17-18 mars à Paris : Premières rencontres internationales autour des pratiques brutes de la musique

Par Olivier Brisson.

Quiconque rencontre, dans sa pratique professionnelle ou dans sa vie personnelle, des sujets avec autisme, a pu, à un moment ou un autre, s’interroger sur le sérieux de ceux-ci à répéter un geste, un son, un balancement. D’aucuns, n’y voyant qu’un comportement à supprimer, éteignent un point très vivant chez ces sujets. D’autres au contraire y accordent toute leur attention, repérant là le lieu d’un traitement à l’oeuvre, et une tentative d’aborder le monde environnant.

Prenons l’exemple d’un enfant dont l’autisme est décrit comme sévère : un enfant qui éviterait soigneusement toute possibilité d’échange verbal en se bouchant les oreilles ou en se balançant, et dont l’enfermement dans les rituels ou les stéréotypies serait colossal. Comment tenter d’entrer en contact sans être trop intrusif ? Peut-être en s’intéressant à ce qui fait particularité sonore dans son battement à lui, dans son geste à lui, dans sa vocalise ou son fredonnement à lui. On improvisera en somme, on s’appuiera dans l’instant sur les petits détails qui se présenteront.
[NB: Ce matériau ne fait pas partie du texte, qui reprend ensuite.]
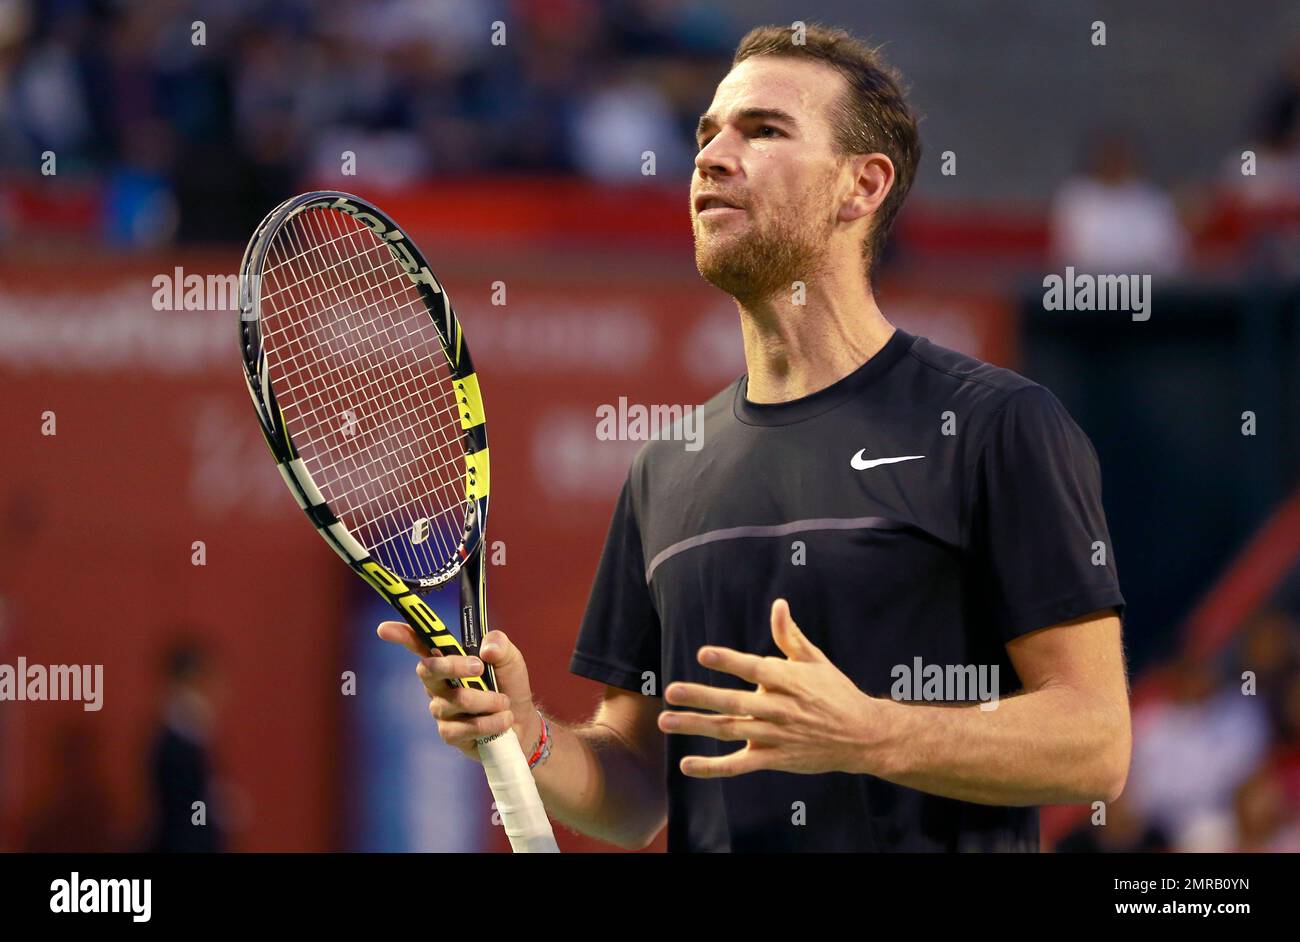 Adrian Mannarino of France reacts after losing a point David Goffin of  Belgium during their men's singles final match of the Japan Open tennis  tournament in Tokyo, Sunday, Oct. 8, 2017. (AP

On improvisera – à la manière de ces musiciens bricoleurs, inventeurs, improvisateurs qui se précipitent dans la matière sonore sans nécessairement s’appuyer sur la règle commune du rythme ou de la mélodie. Le musicien qui improvise sait ces moments de flottements, de nudité, où il faut prendre le temps de laisser l’autre venir, l’apprivoiser, s’intéresser à son style propre pour ensuite pouvoir engager le dialogue. Alors pourquoi ne pas s’en enseigner ? Si le balancement de l’enfant frotte sur un meuble, on peut l’accompagner d’un grattement, d’un souffle, de petites scansions avec les objets alentour. Ça n’est plus une stéréotypie, c’est un son qui se répète, une boucle ou une séquence, et on joue avec pour créer des micro-variations. On joue et parfois, là, les regards se croisent… De la même façon qu’il est fréquent de voir des enfants ne parlant pas de façon adressée s’emparer des micros pour chanter ou s’enregistrer. Dans d’autres cas, on s’intéressera à la manière dont un jeune se colle à l’enceinte pour l’effet dans le corps que cela crée, ou on étudiera le bruit du néon qui obnubile tel autre pour l’amener à en faire quelque chose. Essayer modestement de créer un petit espace de jeu, dans tous les sens du terme, où l’improvisation devient l’outil de manipulation des sons et des bruits du monde. Permettre cette petite brèche qui soulage terriblement, qui fait signe aux sujets du fait que l’on a perçu le dérangement dont ils sont l’objet, et accueillir comme des trouvailles tous les petits bricolages qu’ils font avec ce qui les envahit (casques en carton, détournements de voix de dessins animés, dictaphone attrapeur de bruits…) C’est aussi ça, s’engager du côté “poétique” de la pratique : rebrousser le bazar et partir du chaos pour s’en saisir autrement.

Et, comme toute affinité reconnue et soutenue, ce « travail du son » peut devenir pour certains un point d’appui solide et singulier pour s’avancer dans le monde.

Les 17 et 18 mars 2017, auront lieu à Paris, au Centre Fleury-Barbara Goutte d’Or, les premières Rencontres Internationales de pratiques Brutes de la Musique dans le cadre du festival d’art sonore Sonic Protest à Paris. Deux jours de tables rondes où discuteront artistes, usagers, médecins, éducateurs, psychologues, directeurs d’institution et parents. On y parlera de la place des pratiques de création en institution, des liens avec les réseaux professionnels de la culture, de l’improvisation comme support privilégié d’expression, des lutheries singulières et adaptées, des spécificités sensorielles, de l’open-source pour contrer les approches propriétaires, et surtout, on écoutera les points de vue et témoignages d’artistes comme les Choolers, deux MC’s trisomiques de La S-Grand Atelier (Liège) ; le collectif Astéréotypie de l’IME de Bourg-La-Reine ; les Harry’s de l’Hôpital de Jour d’Antony, également animateurs de Radio Tisto ; le Wild Classical Music Ensemble, les Humming Dogs créé par les comédiens de l’Oiseau Mouche (ESAT de Roubaix), Les Turbulents de L’ESAT Turbulences, les usagers de l’Atelier du Non-Faire de Maison Blanche, la jeune artiste autiste Lucile Notin-Bourdeau, le grand artiste brut André Robillard et les rédacteurs autistes du journal Le Papotin.